**What to work on:** Identify the line with "Obiranje mandarin v dolini reke Neretve"; copy word for word that line and every one after it, to the end of the listing. Exclude pictures.

**Raw data:**
Content starts

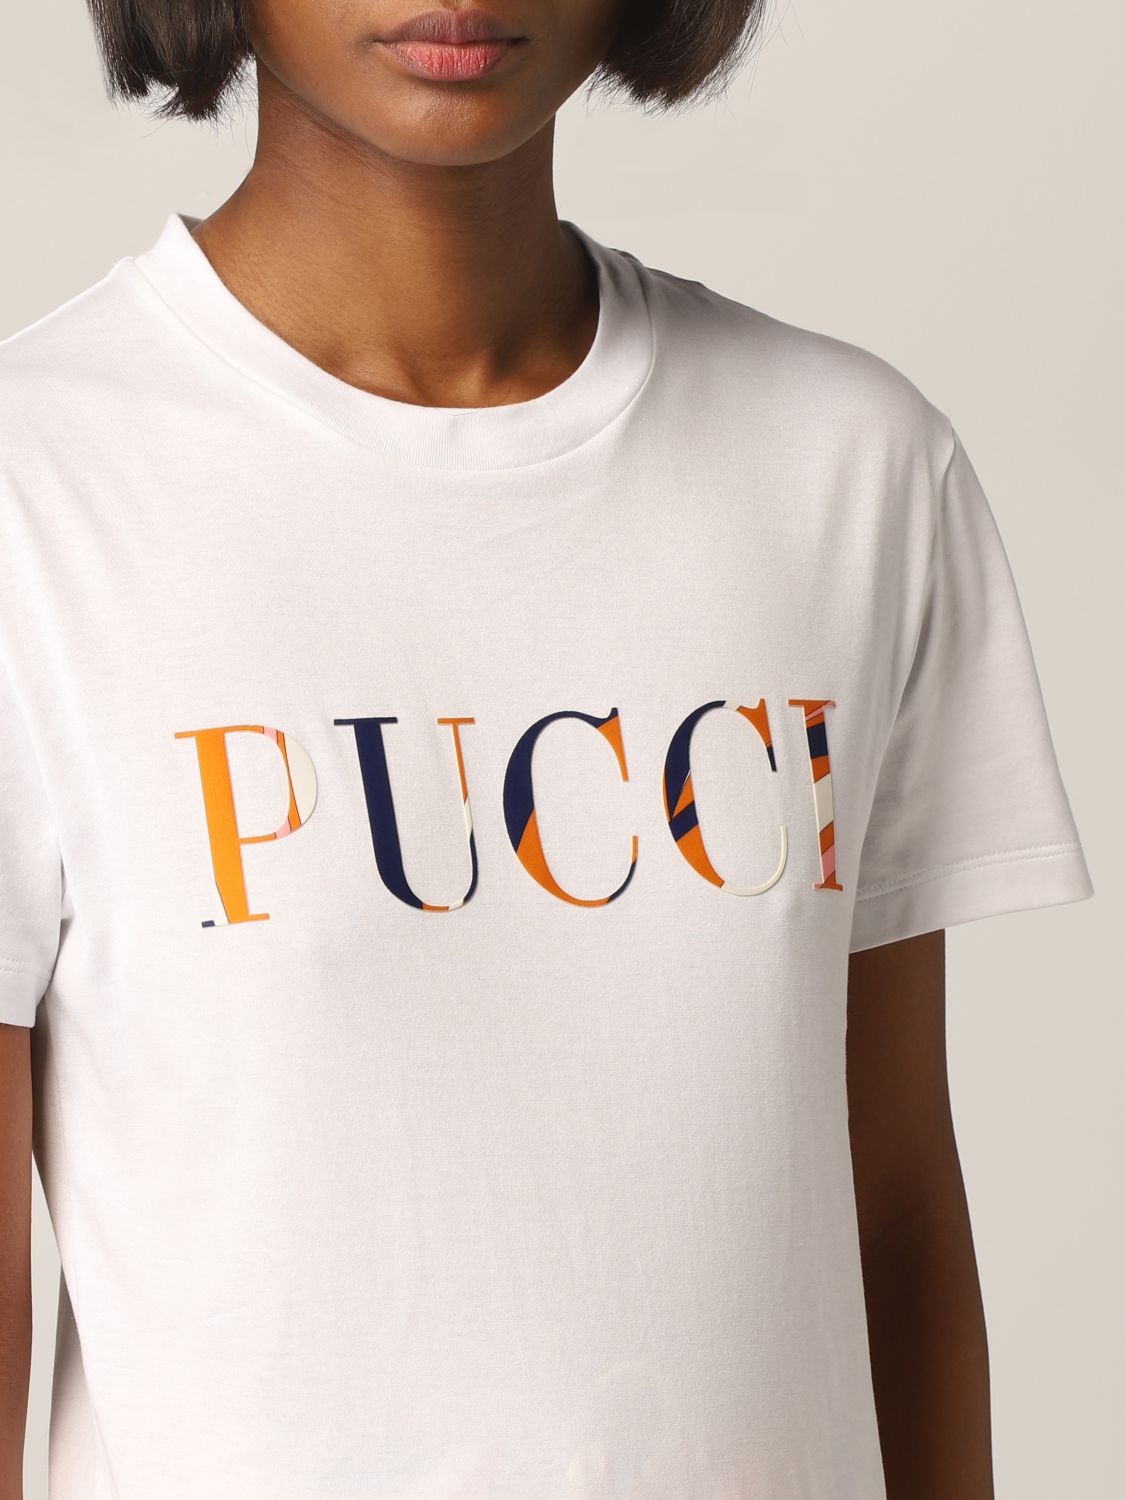 EMILIO PUCCI: logo t-shirt - Black  Emilio Pucci t-shirt 1HTP73 1H987  online at
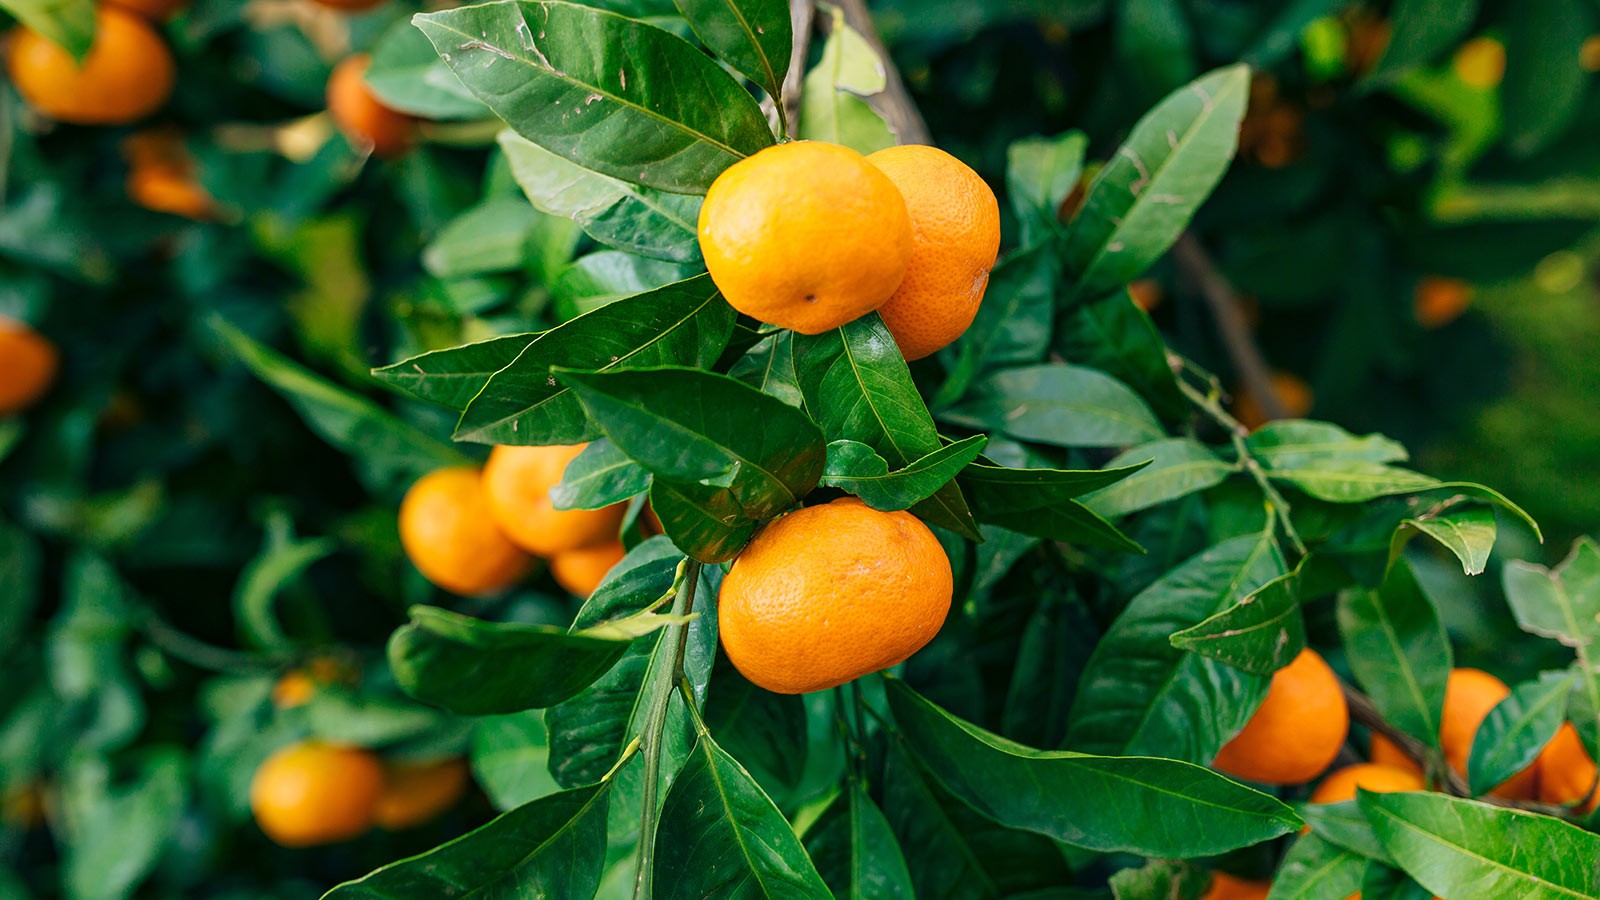 Obiranje mandarin v dolini reke Neretve
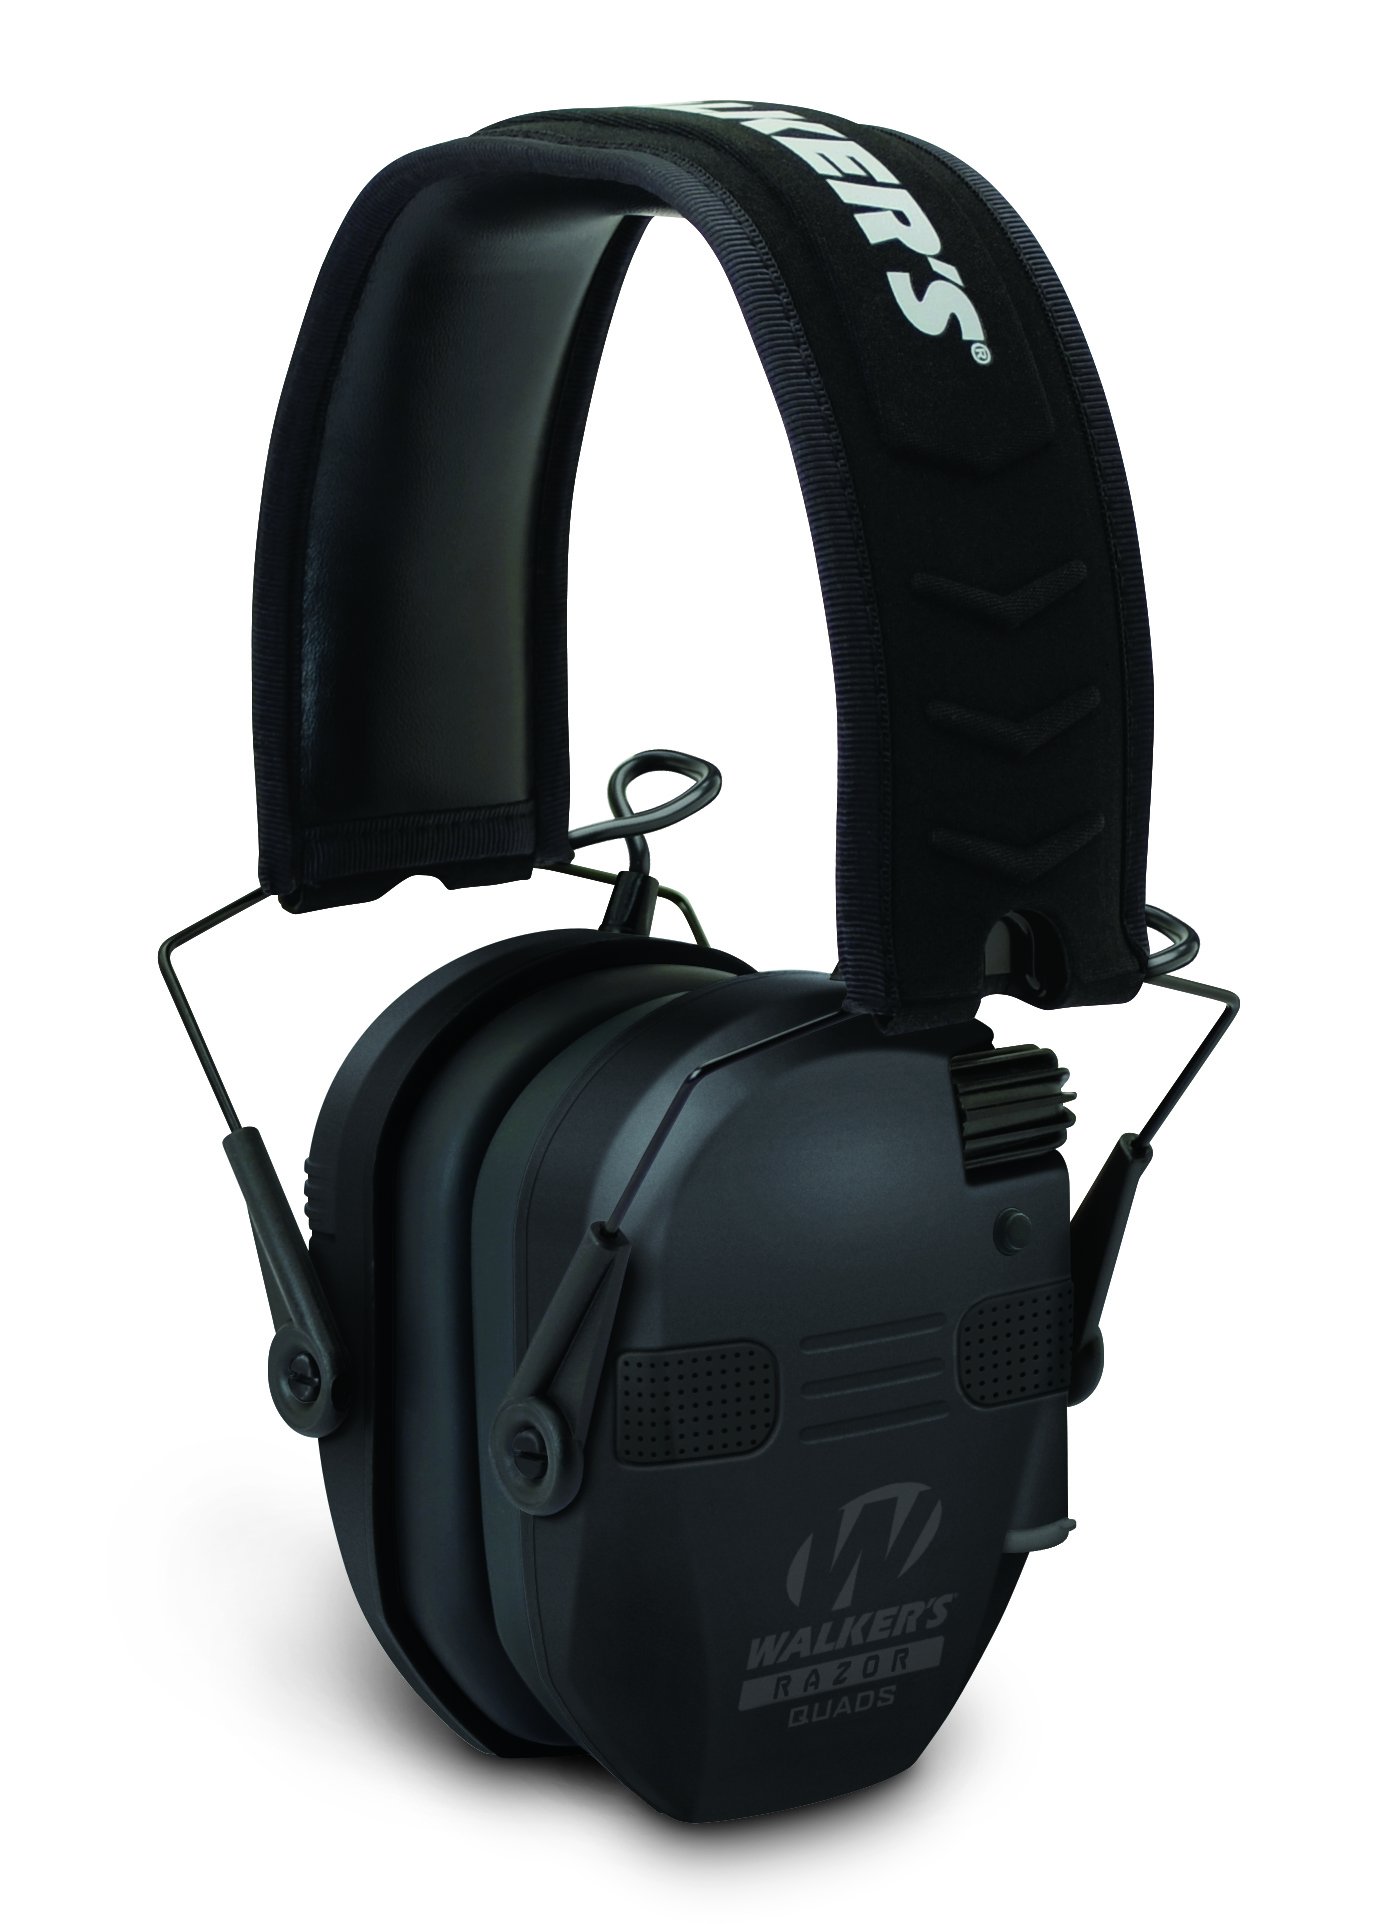 Walker's Razor Quad 电子耳罩 - 4 个麦克风 360 度声音捕捉

Content ends

**Finished exercise:**
 Obiranje mandarin v dolini reke Neretve
 Walker's Razor Quad 电子耳罩 - 4 个麦克风 360 度声音捕捉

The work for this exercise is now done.